There is no factual issue which needs to be resolved at trial and Defendants are entitled to judgment as a matter of law. Consequently, Defendants’ Motion for Summary Judgment are granted as to Plaintiffs claim for declaratory relief based upon fraud in the inducement and as to the entirety of Plaintiffs Complaint for Declaratory Judgment.
This is not an opinion that this Court willingly makes. Here is another of life’s examples where the person who breaks his word (RTTC’s Ricky Taylor) profits from his broken promise. However, this Court cannot ignore Georgia law and, due to the insurer’s oversight, is compelled to reward the broken word,
gQ ORDERED:
. The relevant portion of this July 6, 1993, communication reads: "Please forward written confirmation that Mr. Medders has indeed been, removed from driving duties so that your coverage will be renewed without delay.” Dana Fusaró, an account coordinator with Davis-Garvin, wrote the letter.
. This letter, dated July 13, 1993, was addressed to Davis-Garvin. The text reads in full: "As of July 07, 1993 Mark Medders will no longer be driving a vehicle that belongs to Rick Taylor Timber Company, Inc.” As owner of RTTC, Taylor signed the letter.
.The policy declares that Plaintiff "will pay sums an ‘insured’ legally must pay as damages because of 'bodily injury' or 'property damage’ to which this insurance applies, caused by an 'accident' and resulting from the ownership, maintenance or use of a covered 'auto'.” The policy defines " ‘insured’ ” as "anyone ... using with [RTTC's] permission a covered ‘auto’ [RTTC] owns.”
. The insurer received and accepted payment for the July coverage on August 5, 1993, after becoming aware of the alleged fraud on July 29, 1993.
. Despite Plaintiff’s protestations to the contrary, Loeb and Jenkins do not conflict with the Georgia Supreme Court’s opinion in Columbian Nat’l Life Ins. Co. v. Mulkey. The Mulkey court noted that an insurance company might be estopped from asserting fraud in the inducement "if it should appear that after the discovery of such fraud the company did not promptly move to have the contract of insurance rescinded, but treated it as valid and binding and continued to receive premiums thereon." 146 Ga. at 272, 91 S.E. 106.

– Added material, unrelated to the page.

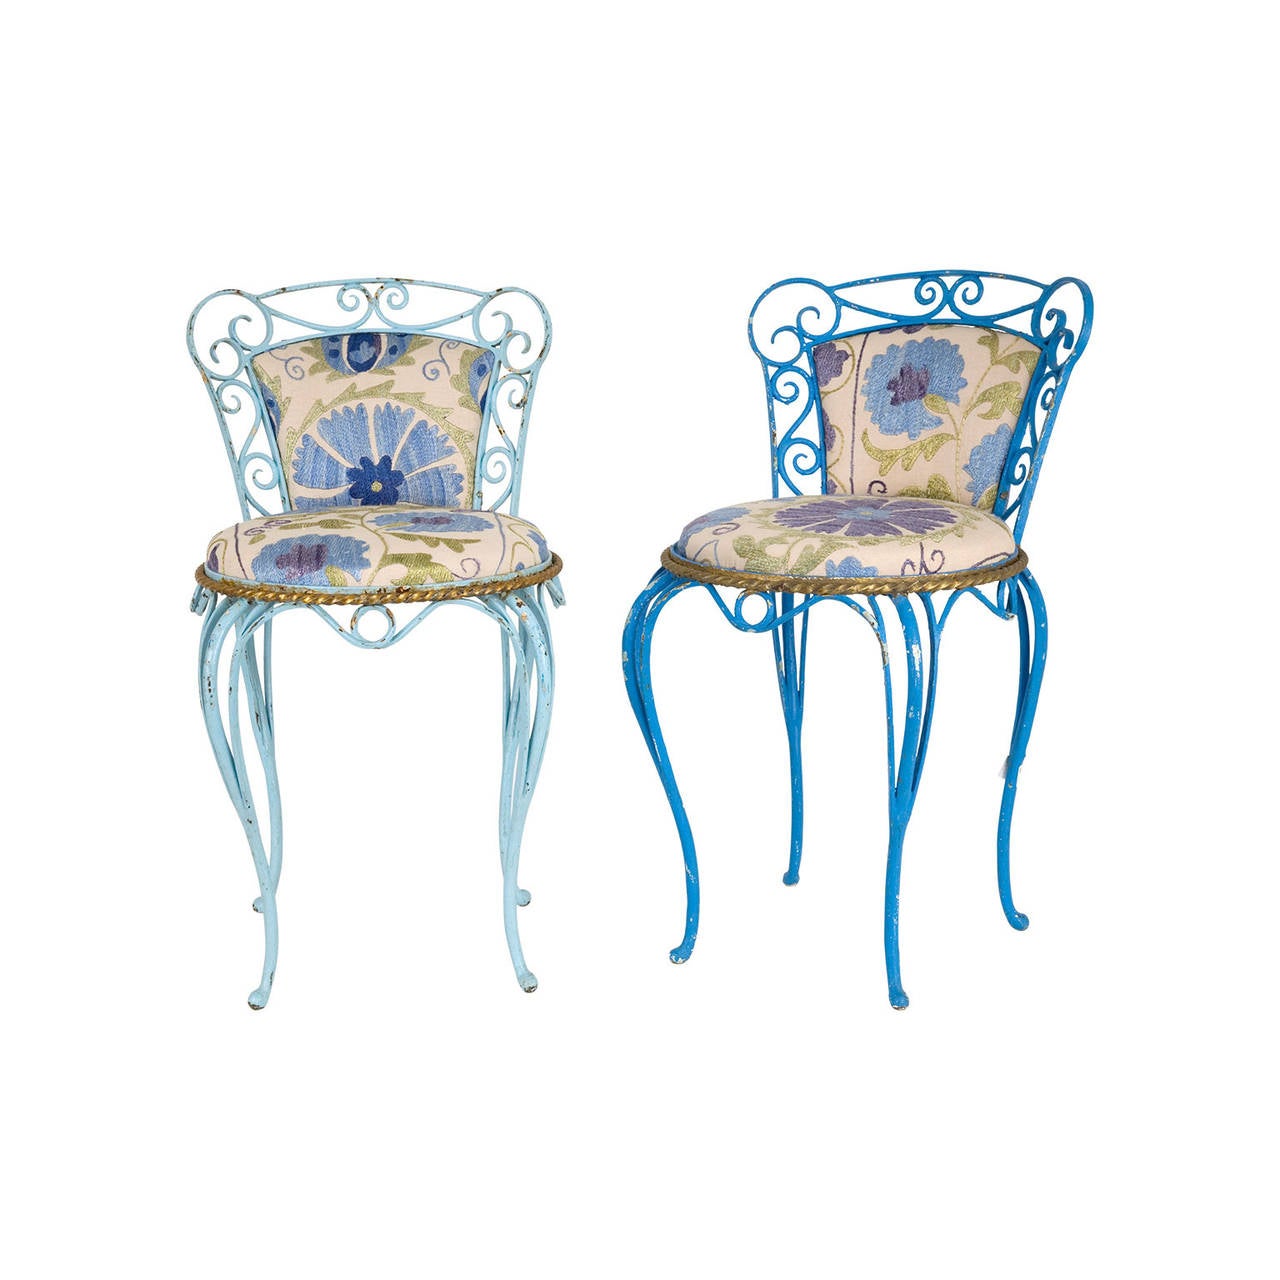 vintage garden chair. weathered painted finish as found. reupholstered in vintage blue suzani. each is unique. pair available (priced individually).
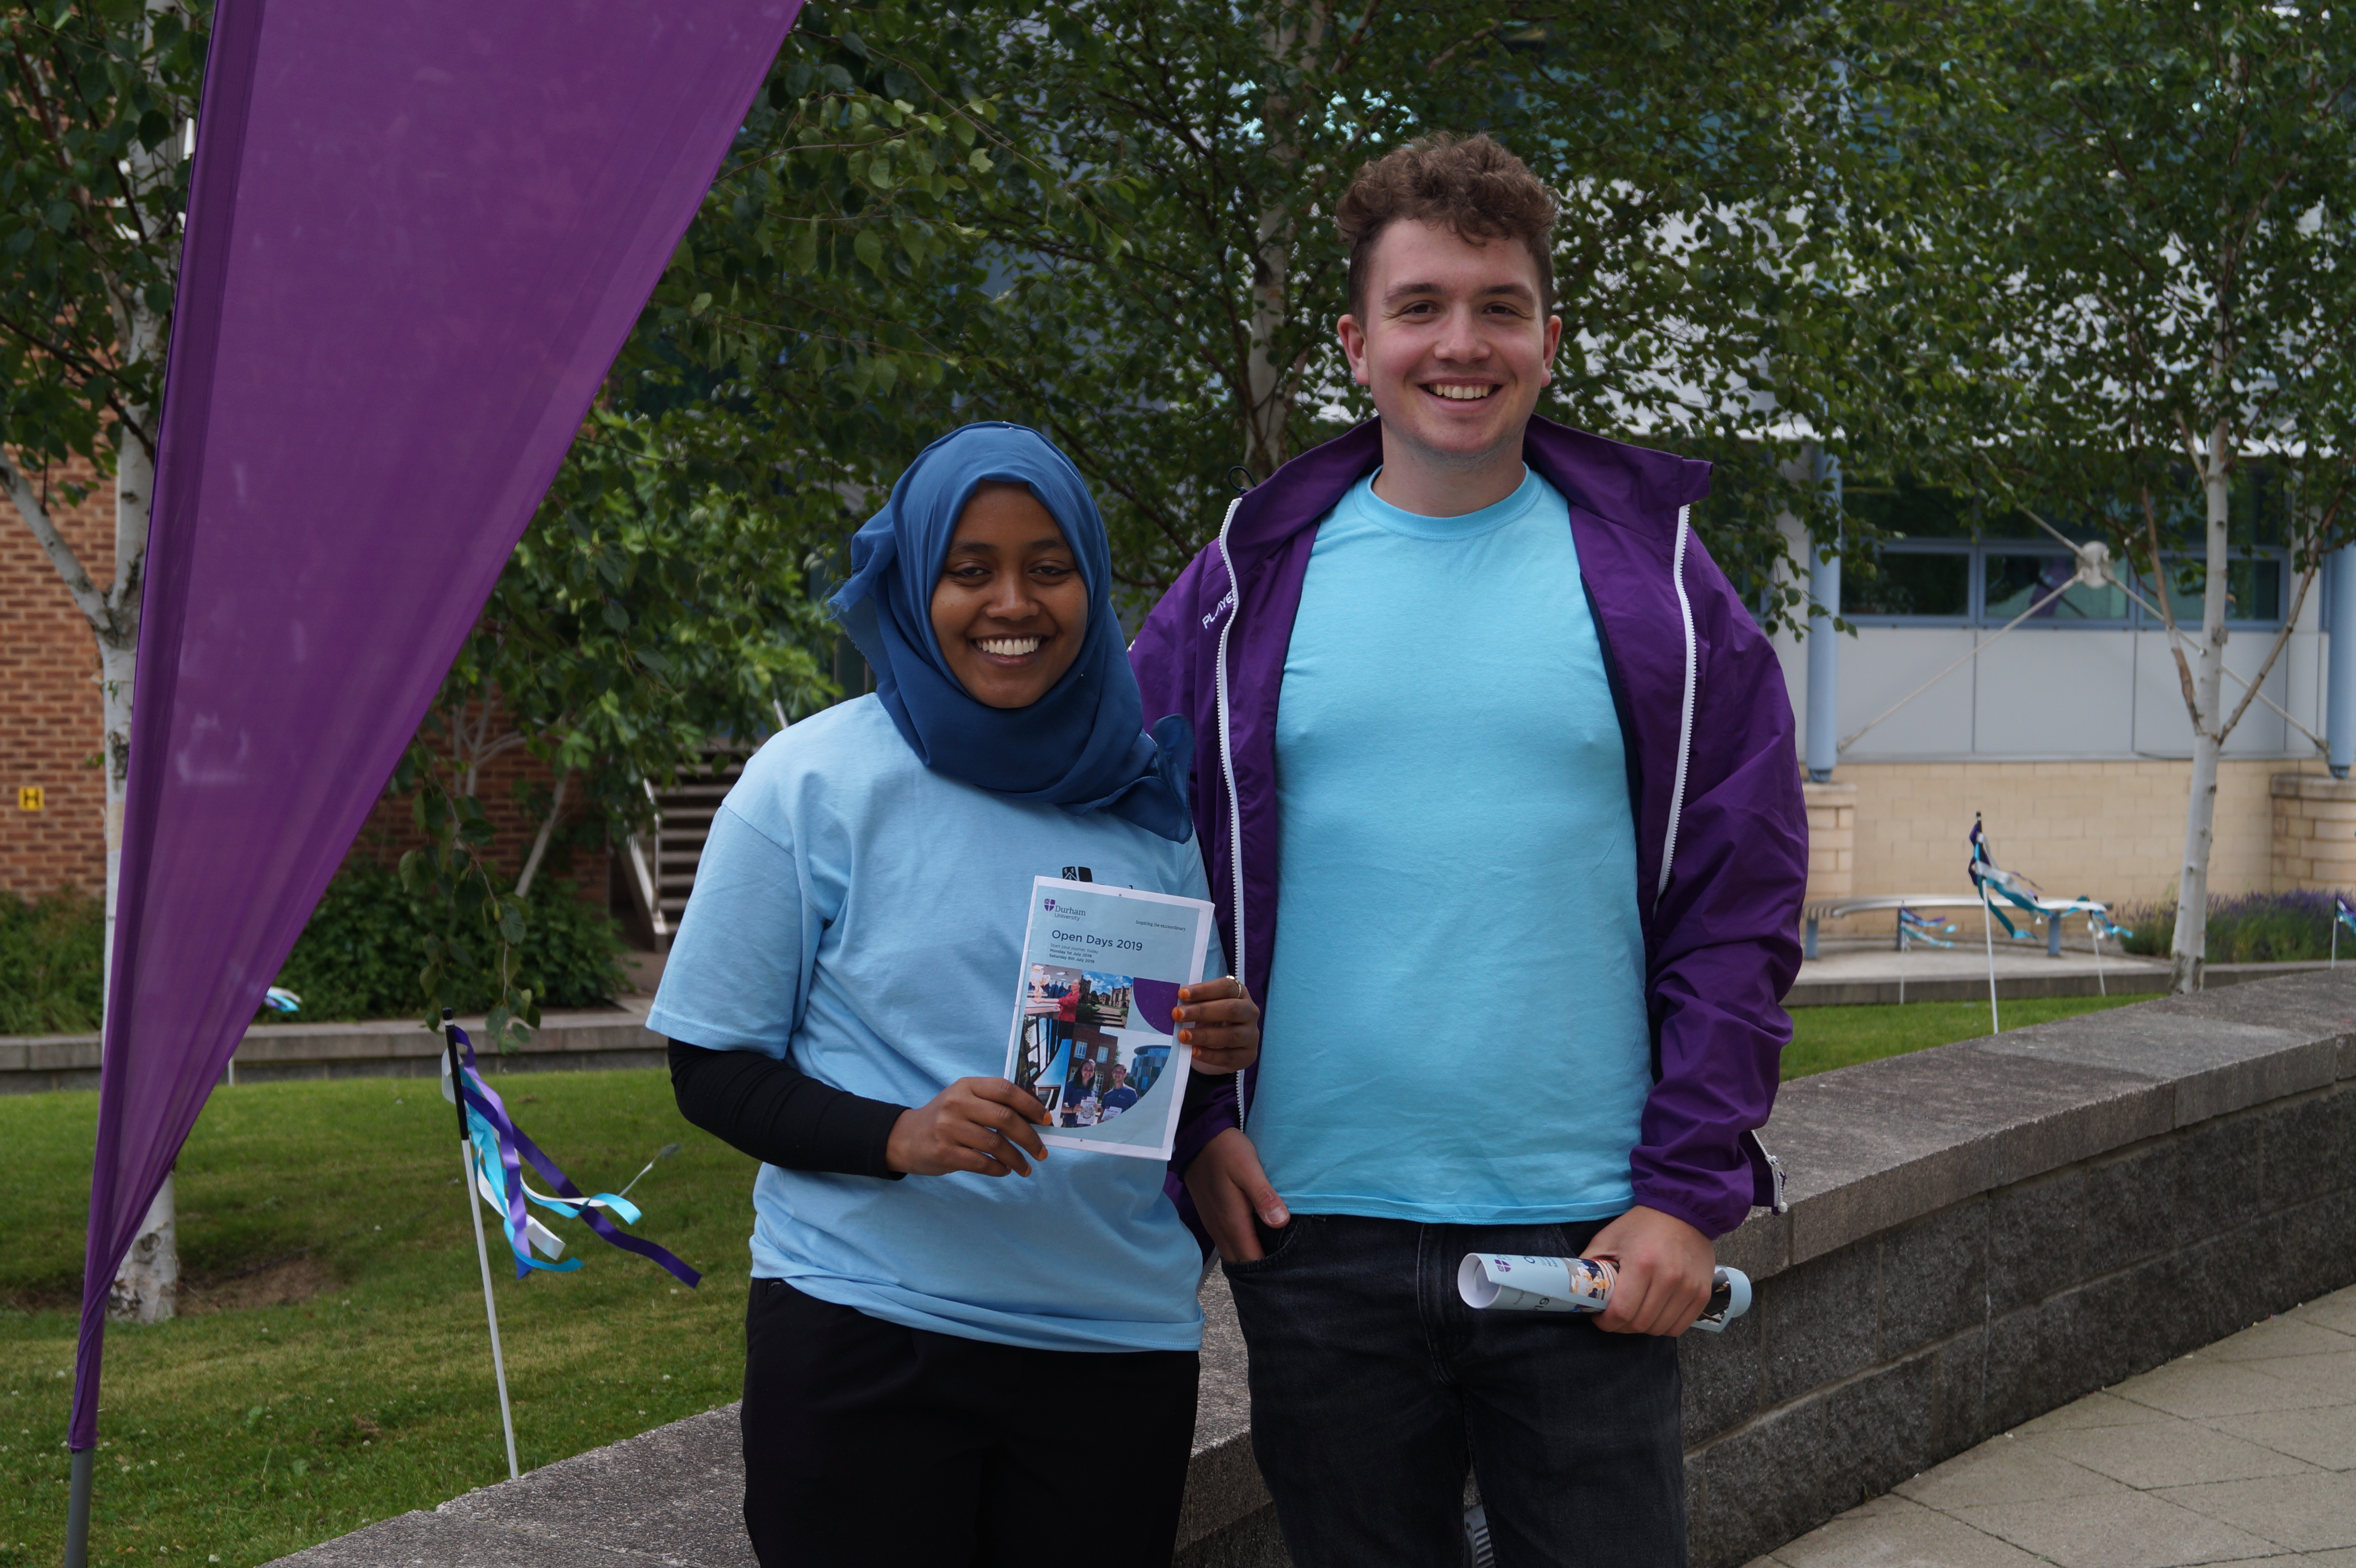 Two open day ambassadors, one holding an Open Day Guide

. Plaintiff may argue that, by switching policy carriers, it acted to rescind the policy. That, however, would only be a prospective rescission effective August 1, 1993 and would not affect the incident in question. Further, Georgia law requires that the repudiation be clear and unequivocal to have the strength of law in this area. See Roller-Ice, Inc. v. Skating Clubs of Georgia, Inc., 192 Ga.App. 140, 142-43, 384 S.E.2d 235 (1989) (upon discovery of fraud, offer to renegotiate terms of contract amounted to affirmative recognition of contract thereby foreclosing availability of avoiding or rescinding the contract).